Why? Because FHA loans include Mortgage Insurance (more on that below) and because of that you’ll see a low FHA loan rate but a really high APR attached to it. Don’t worry it’s completely normal.
Also, FHA rates in California are not impacted the same way Conventional or Jumbo rates are with respect to your credit score.
If you have a 680 credit score or a 780 credit score your FHA interest rate is going to be the same (refinance and purchase transactions).
FHA Mortgage Insurance Explained
“Mortgage Insurance”(MI) Simply put; it’s an insurance policy you pay each month that covers a lender’s losses in the event you default on your FHA loan.
How They Figure Out The Cost Of MI:
There is a formula they use to figure out your monthly FHA MI cost:
LTV >15 years LTV <= 15 years
>95% 0.85% >90% 0.70%
<=95% 0.80% <=90% 0.45%
This is the standard formula in California as well as other states. So, for a $200,000 loan amount, 30 year fixed term and a LTV of 95% or less, your monthly MI cost is $133.34 per month (200,000 x 0.80% = 1,600/12 (for 12 months) = $133.34 per month).
And What Is UFMIP
UFMIP stands for Up Front Mortgage Insurance Premium. This is the amount you pay on the origination of the new FHA home loan to FHA. It’s part of the Mortgage Insurance program mentioned above. The UFMIP is usually rolled into the loan or sometimes the interest rate is increased to cover the up front cost of UFMIP – very rarely would someone pay out of pocket to cover the cost of the UFMIP.
This is for all FHA loans in California as well as every other state.

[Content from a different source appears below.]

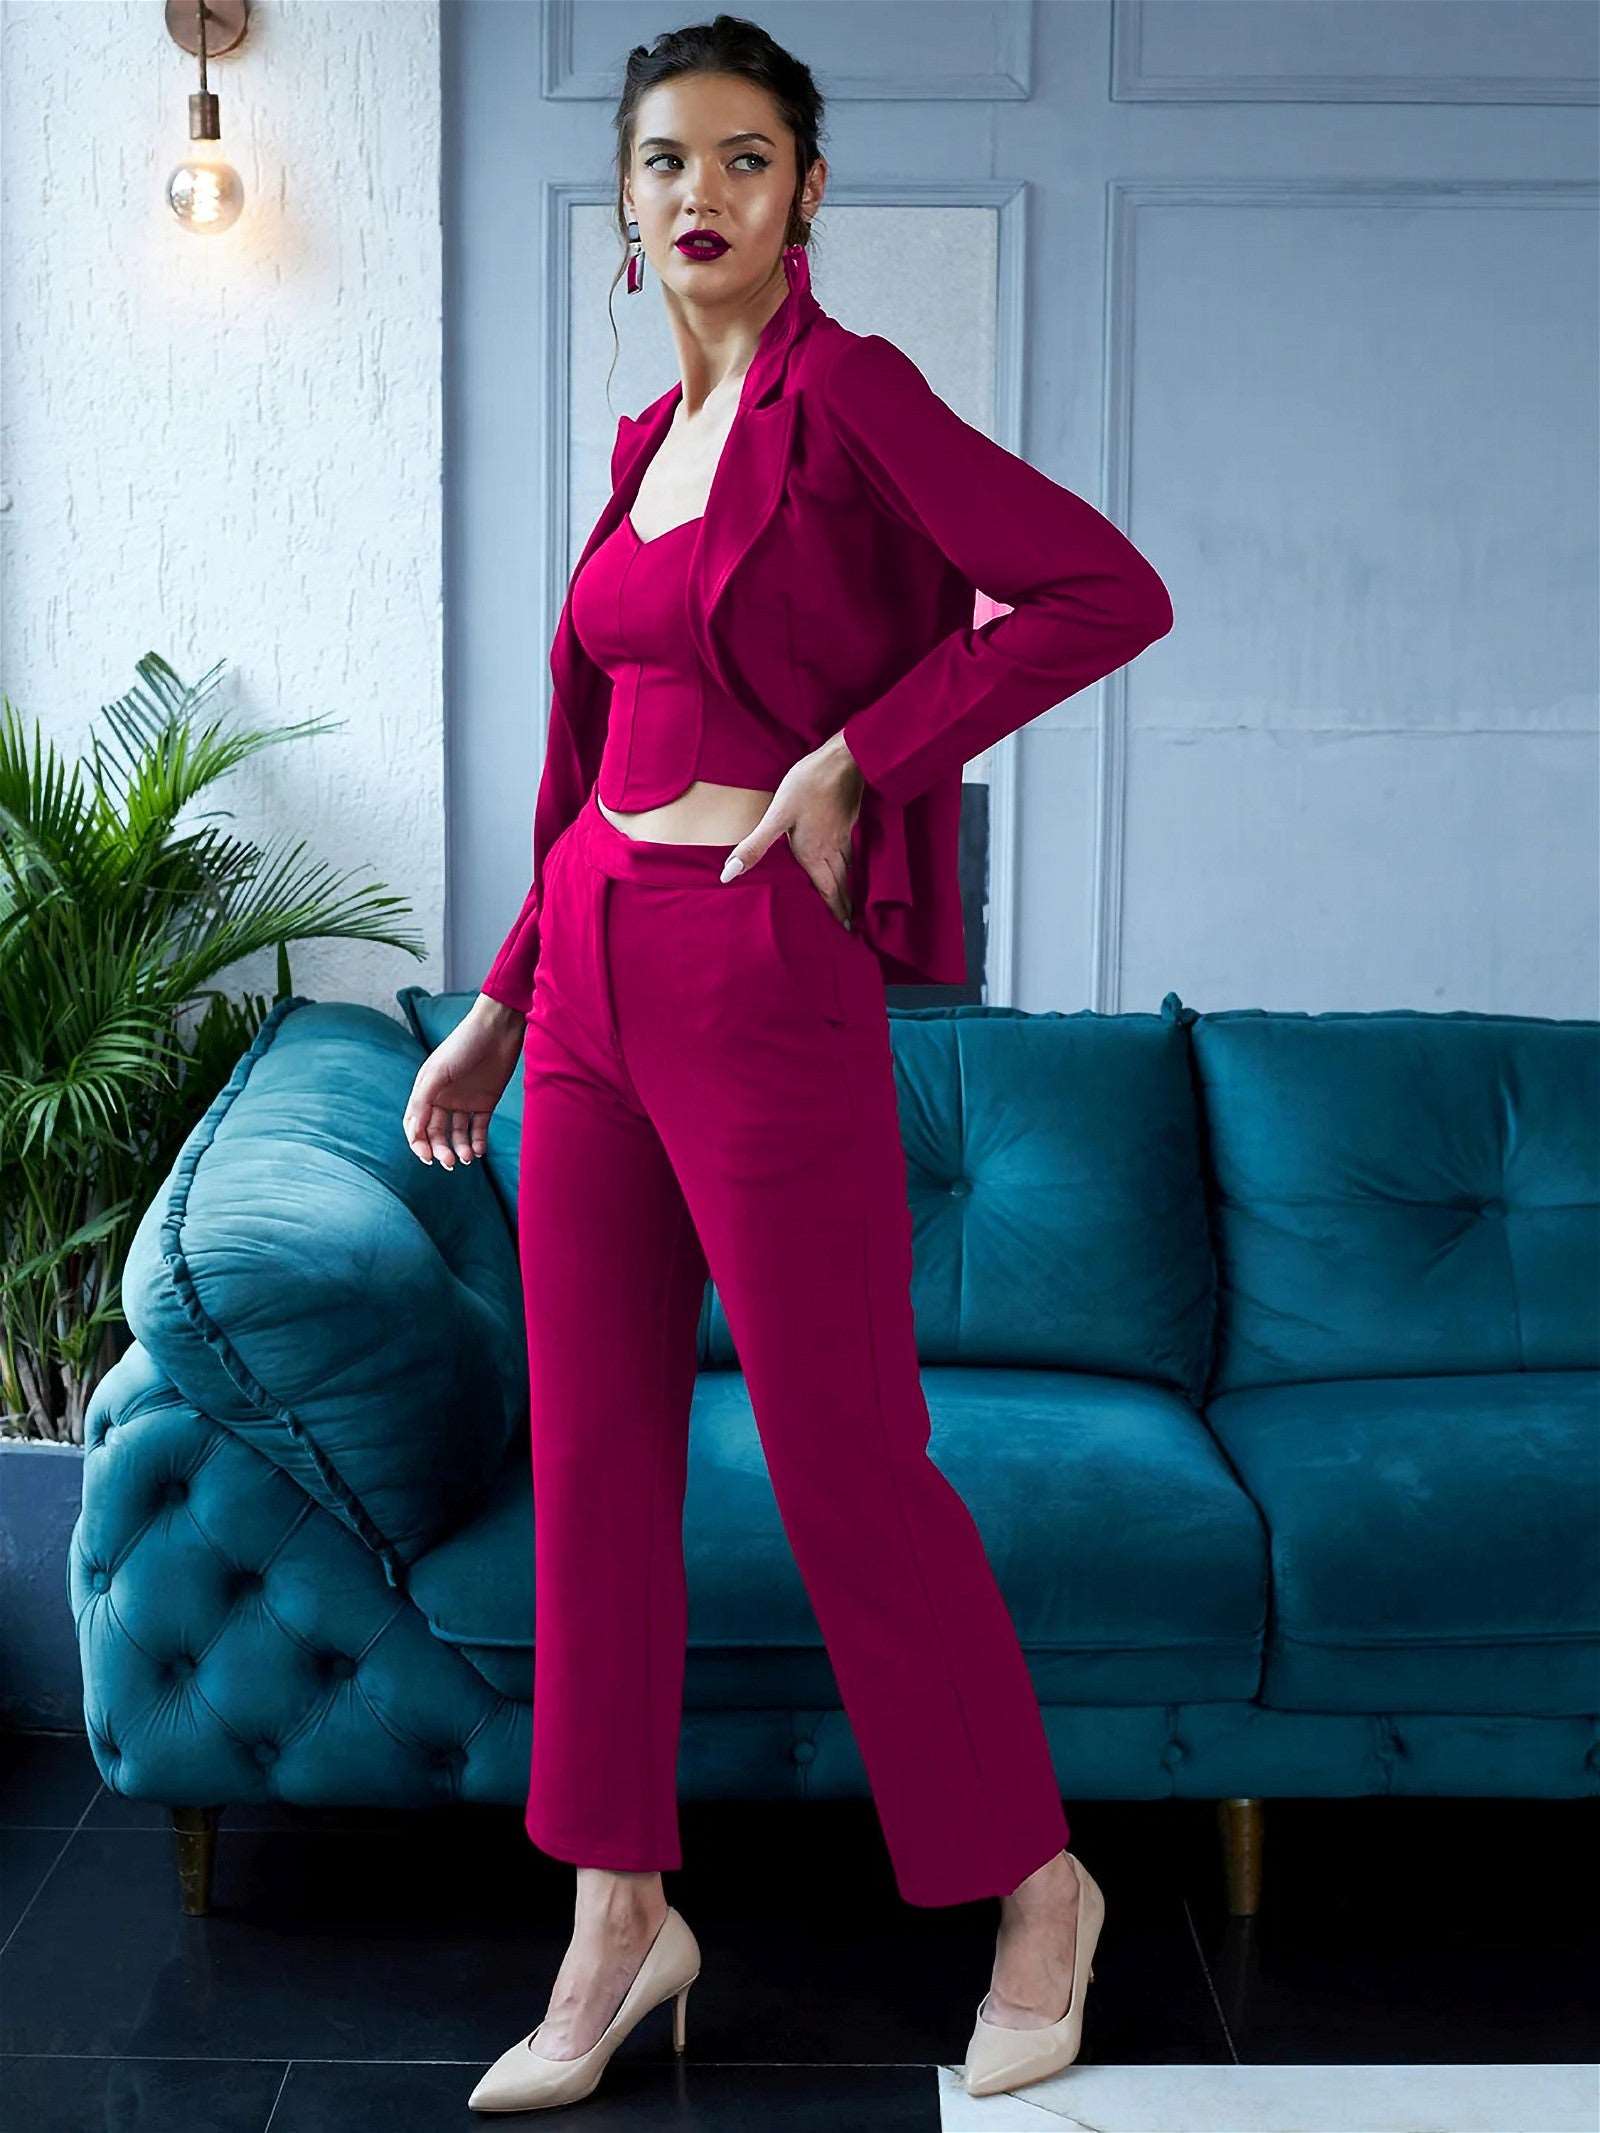 The model in the image is wearing EnVogue Chic - Hot Pink Blazer Co ord from Alice Milan. Crafted with the finest materials and impeccable attention to detail, the Formal Suit looks premium, trendy, luxurious and offers unparalleled comfort. It’s a perfect clothing option for loungewear, resort wear, party wear or for an airport look. The woman in the image looks happy, and confident with her style statement putting a happy smile on her face.
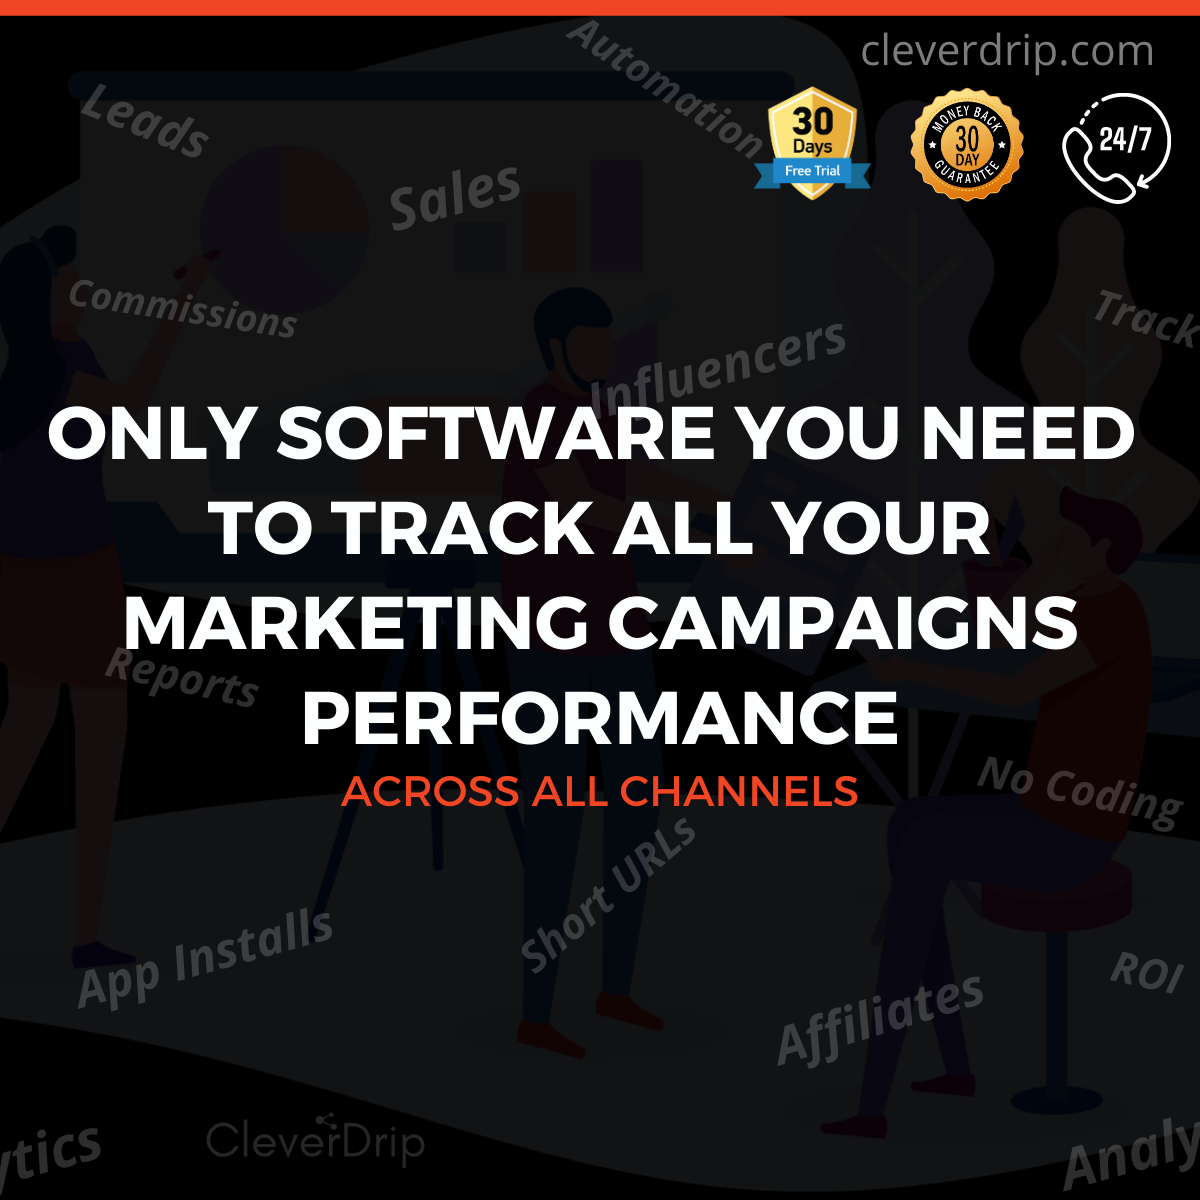 Track all your online marketing campaigns performance in one place

Getting Rid of FHA Mortgage Insurance
If you obtained your FHA loan on or after June 3, 2013, here are your possible options for removing MI. If your original LTV was higher than 90% then you will have to pay the MI amount for the entire life of the loan.
To get rid of it you’ll have to either refinance the loan or sell the property to pay off the loan.
If your LTV was 90% or less you’ll have to pay mortgage insurance the entire term or 11 years (whichever is less).
Generally speaking, most people have to refinance to get rid of FHA Mortgage Insurance even those that originally had at least 10% equity.
The reason is you probably don’t want to stay in an FHA loan for 11 years, other opportunities should open up for better terms in less than 11 years.